* [TASK INSTRUCTIONS]: Exact reproduction is required for the lines below starting at the line with "Land and Conveyancing Law Reform Act 2009" and ending at the line with "Prompt: A highly", both included. No other lines, and no pictures.

* [EXCERPTED DATA]:
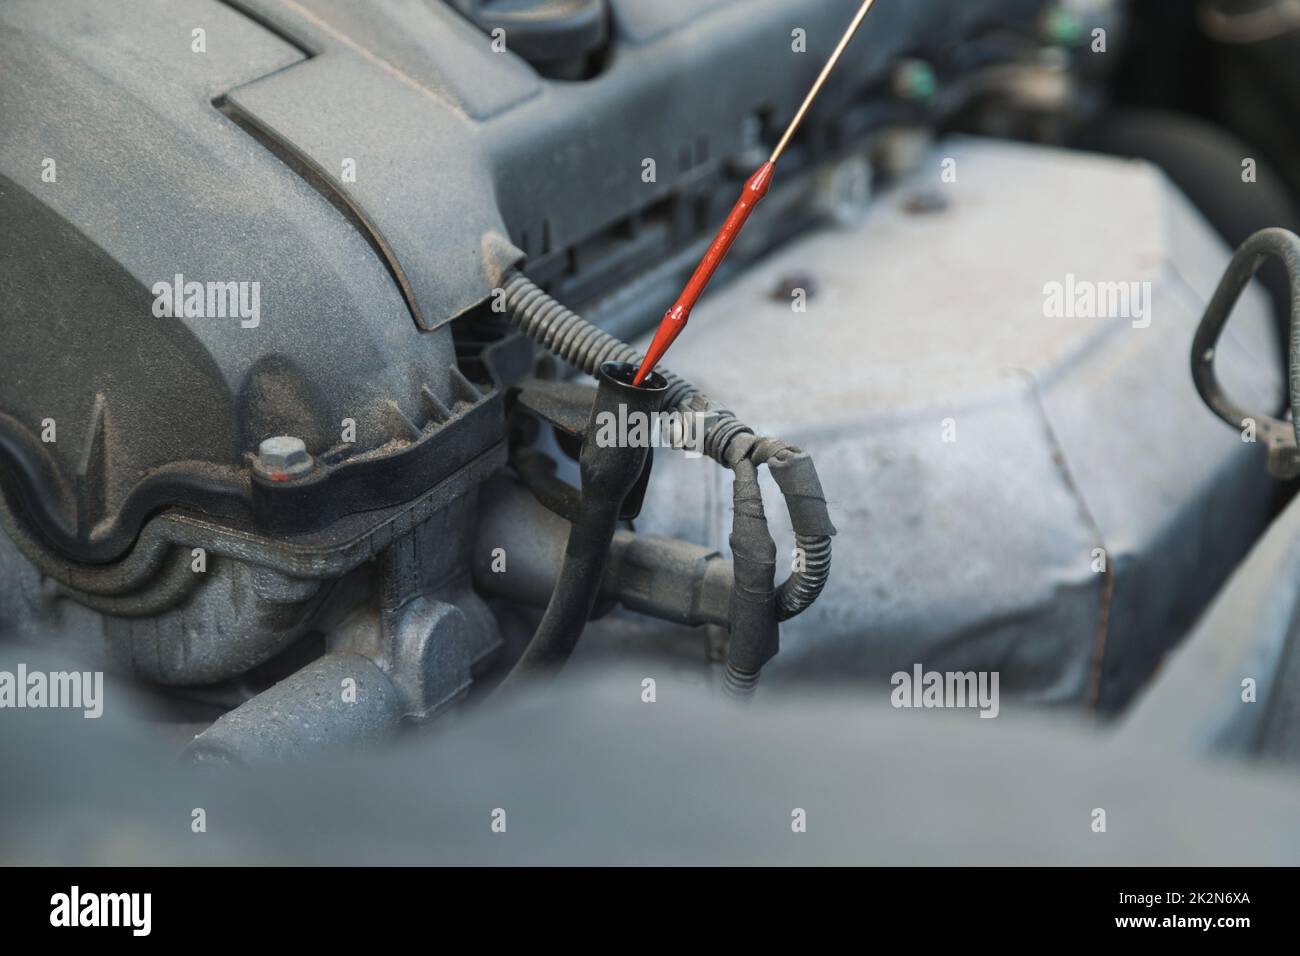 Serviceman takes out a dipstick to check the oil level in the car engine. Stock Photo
---
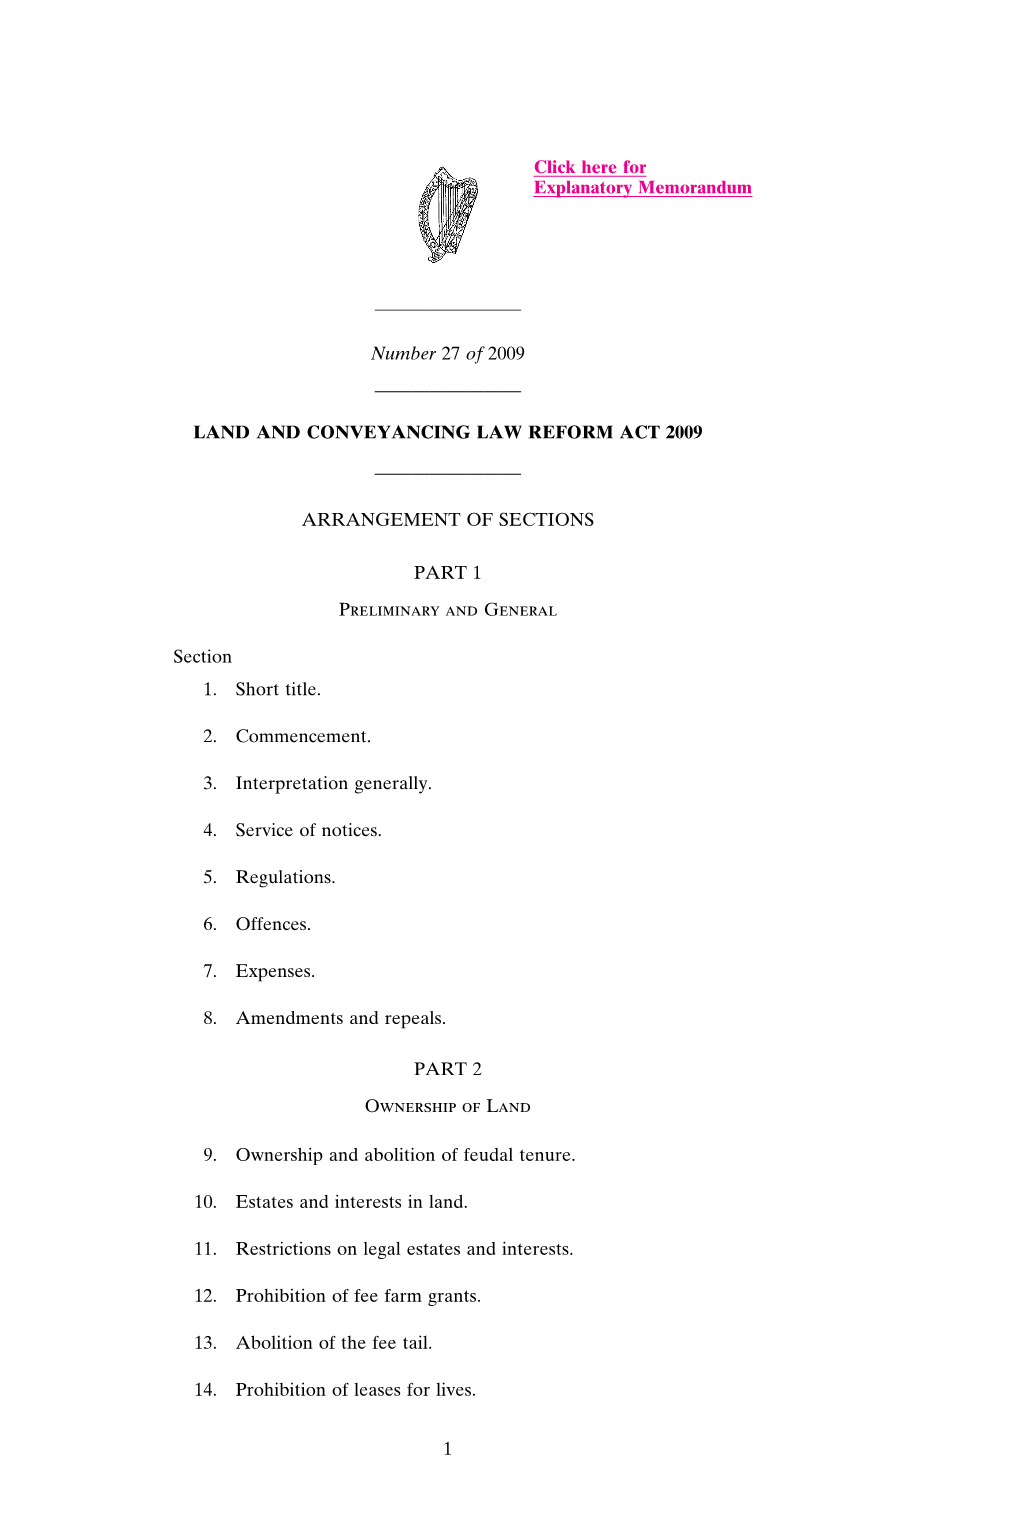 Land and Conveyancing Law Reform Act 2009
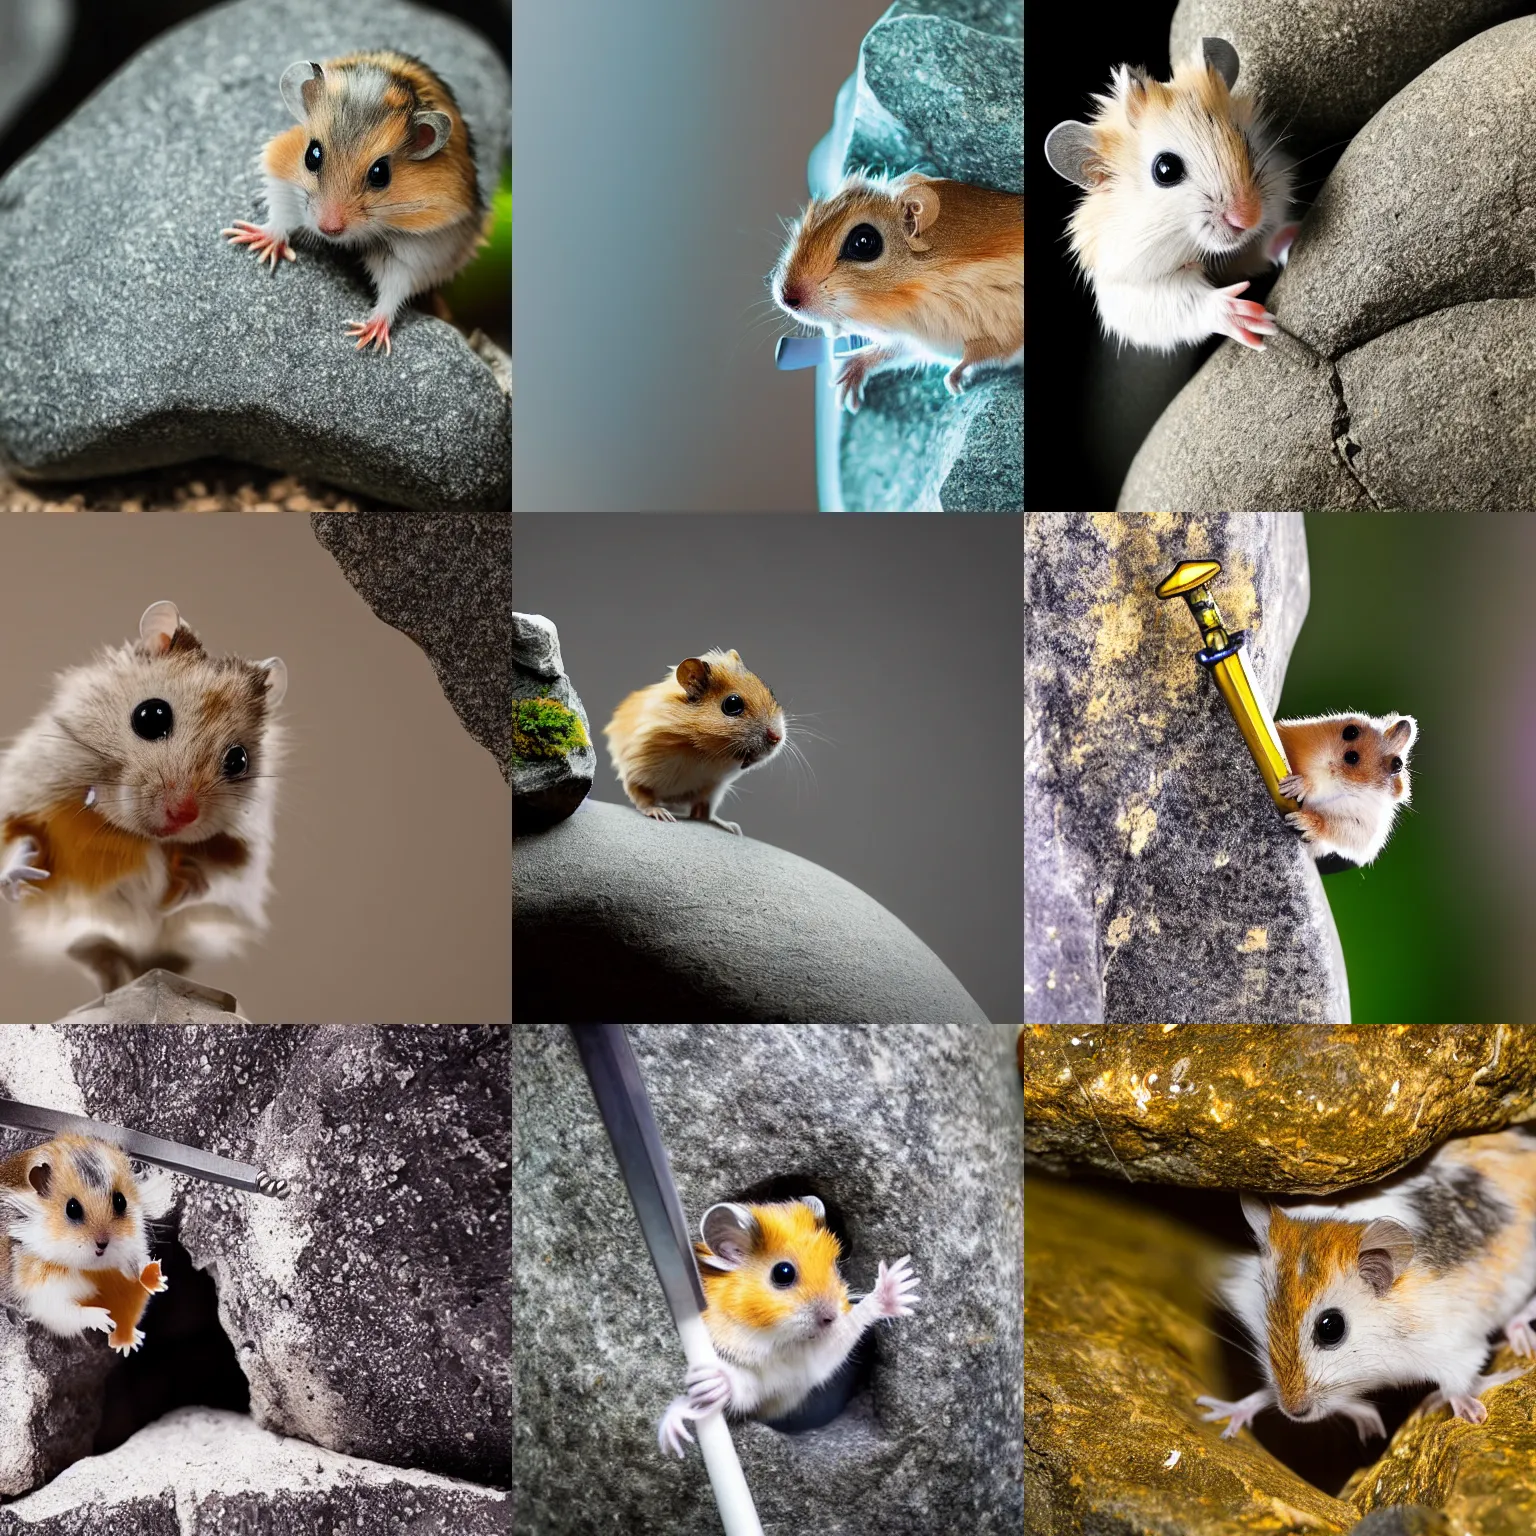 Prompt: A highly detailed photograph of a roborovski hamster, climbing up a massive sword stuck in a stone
...
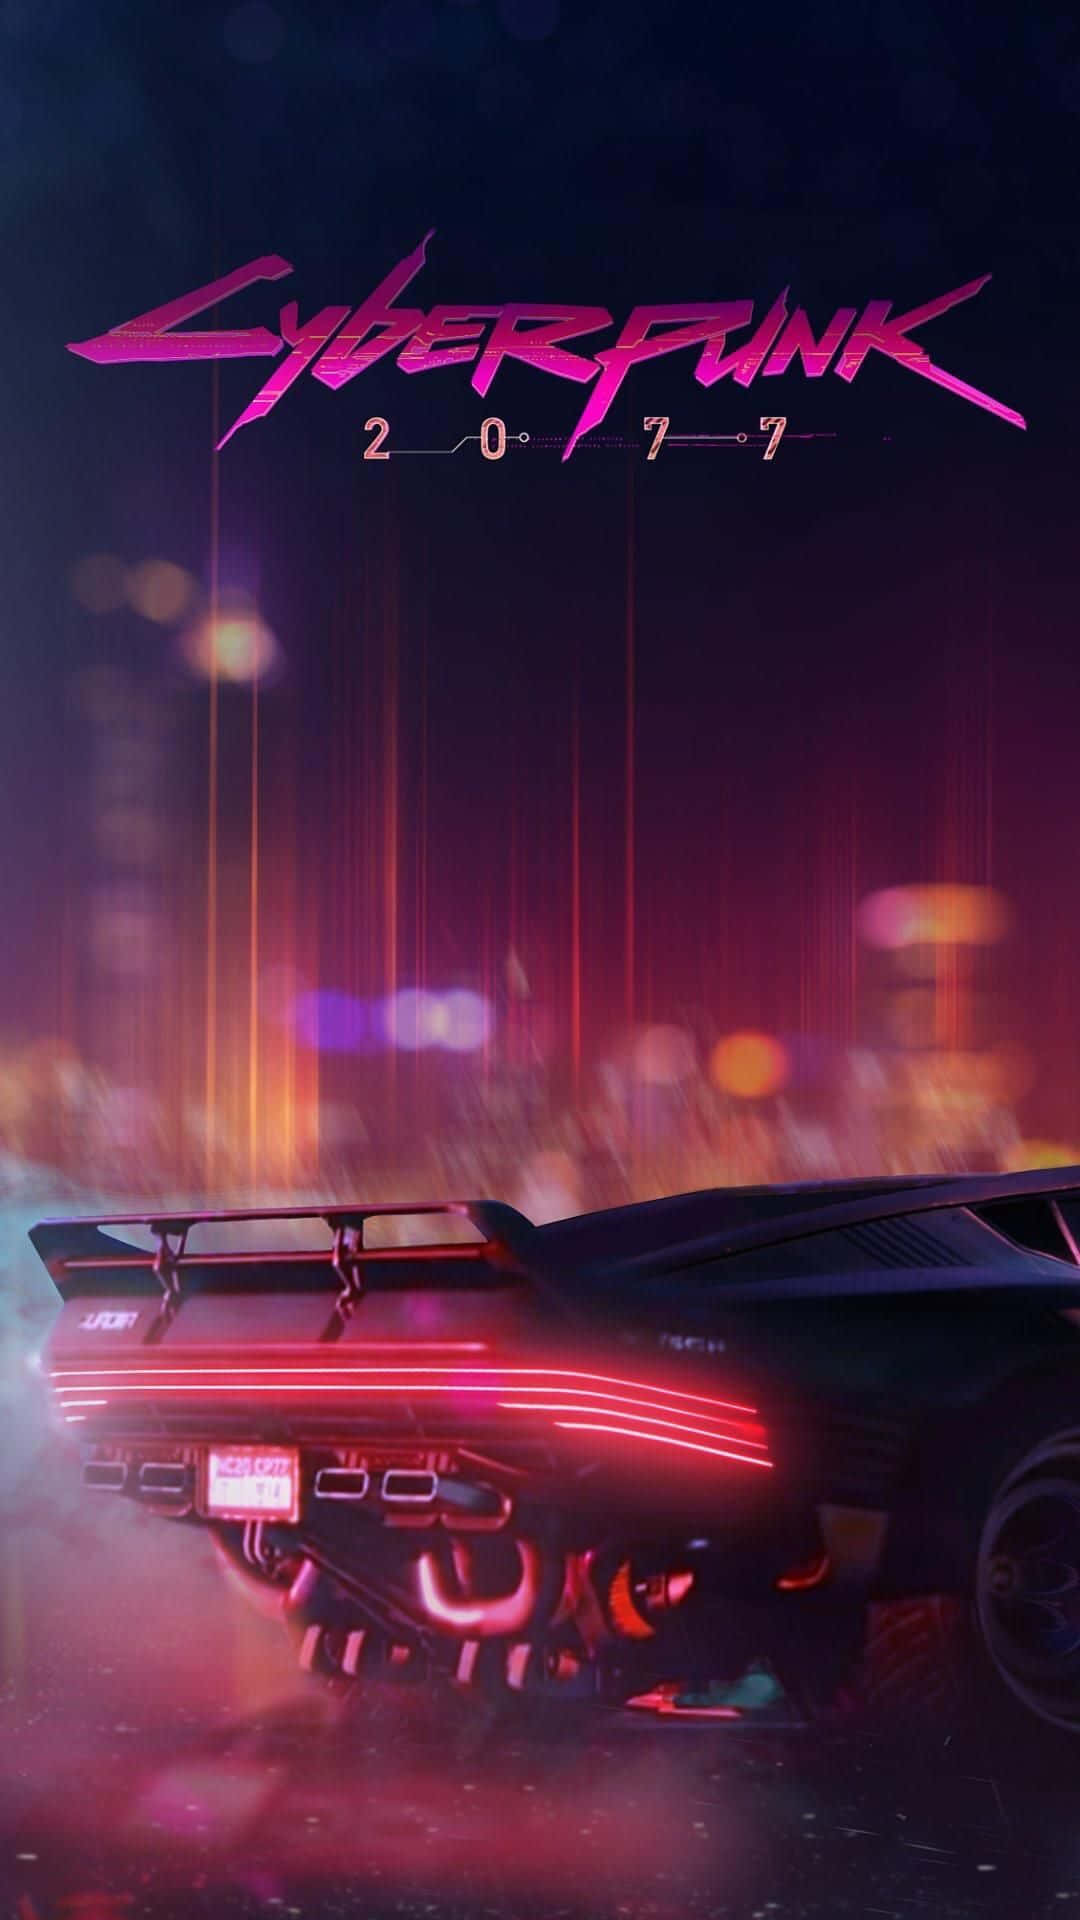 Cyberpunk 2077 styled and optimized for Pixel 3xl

* [SOLUTION FOR THIS PROBLEM]:
 Land and Conveyancing Law Reform Act 2009
 Prompt: A highly detailed photograph of a roborovski hamster, climbing up a massive sword stuck in a stone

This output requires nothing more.